In the mid- to late-1700s, Adam Smith worked numbers as representing products that had been counted (the task of describing products sold), and also realising the good that was the liberal market economy (the task of developing a good society). (25) These numbers were understood and merited as both logical and moral. Within 100 years, however, Thomas Malthus was presenting the generation of numbers as removed from any moral work. He was vehemently challenged for relying on these now amoral objects of inquiry. Such criticism was averted, however, by John McCulloch, who initiated the tripartite separation of statistics, political science and political economy in the academy. The result was that statisticians, in the now solidifying social sciences of the nineteenth century, defended any questioning of the morality of their practice by arguing that they merely collected and combined numbers. (26) No more and no less. At this stage, numbers were worked as and understood to be completely cleaved from any interest, politics and morality. Number worked as representation, as an apolitical and amoral entity, dovetailed with a metaphysics which justified representation as having correspondence with an independent reality. The result was that the market economy took on the existence of an independent reality, and money became assumed to be self-evident as numbers.

In the above episodes, the troubling of number was not caused by the prohibited political interference in the domain of facts, but by the intense visibility of the efforts required to produce a new form of number, managed-money-value, while maintaining the former one, bank-money-value. The trick with which modern knowledge generates its power--denying its own messy practice while holding its constructed objects as always existing--was impossible to maintain. (27) The shop was overflowing with Centrelink employees, Deloitte employees, folders, computers, the touch-screen kiosk, Foodcards, confused shoppers, letters and forms. This extraordinary assemblage was there to ensure that the generation of numbers as managed-money-value was correct and stable. Politics (Centrelink and ALPA policy) and science (Deloitte and Foodcards) were inseparable. Depending on how this assemblage was arranged in practice determined which number was produced. Some objects made them more distinct--the insertion of a Foodcard or not--while others made them less distinct--the use of numerals. In some instances, you just had to wait and see if a baby bottle figured a routine as one producing number as managed-money-value or bank-money-value.
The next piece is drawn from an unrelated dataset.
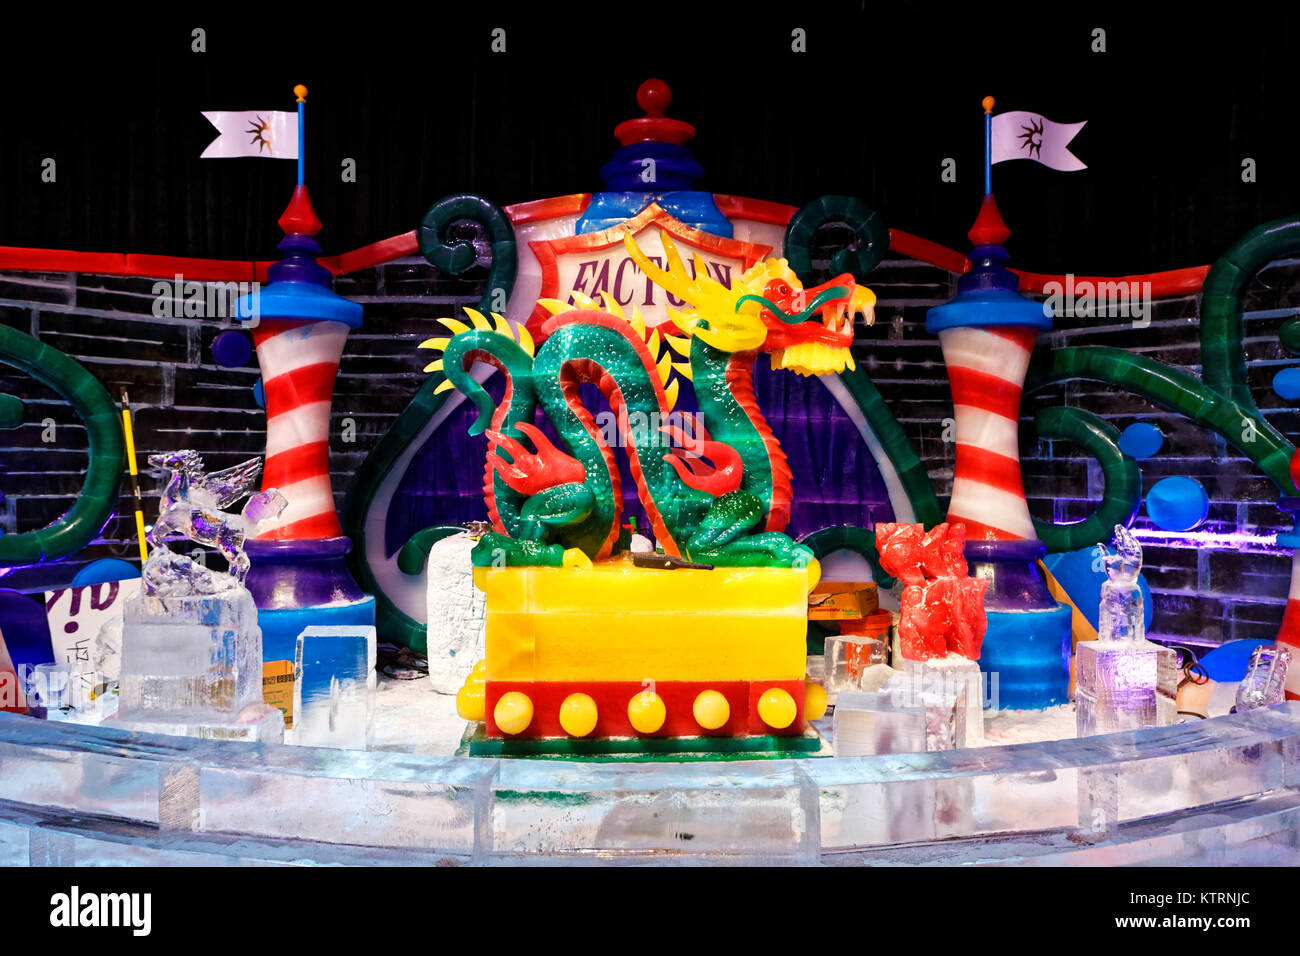 Sculptures de glace à la glace ! Noël autour du monde, événement, Gaylord Palm Resort, Orlando en Floride Banque D'Images

This fine-grained approach to the practices and routines of generating numbers reveals the complexity and potential multiplicity of practices and routines. A child picking up and stacking the red baskets in the shop saying 'one, two, three' is generating numbers with things, but these things are not for sale and do not generate numbers at the register. A mother who picks up the child and sits her on the counter does not expect the child to be scanned, weighed and represented as a number. Although in an interview with Centrelink while the child is at school, this child may indeed become represented as a number (as in the opening episode). Once we are willing to interrogate the generation of numbers, and resist the impulse to cut through these episodes severing facts and politics, number work and moral work, our analyses become more sensitive to situations such as the Intervention and Income Management. We begin to see these numbers as always managed, coming to life through particular arrangements of people, chips, words, cards and computers that enact number's inherent irreducible multiplicity.

   At the shop today, the Internet is down. It is five days after the
   Foodcard went online and it is now off line. The shop computers
   cannot connect to the Foodcard database, there are no updates on
   people's payments, and people cannot receive their payments.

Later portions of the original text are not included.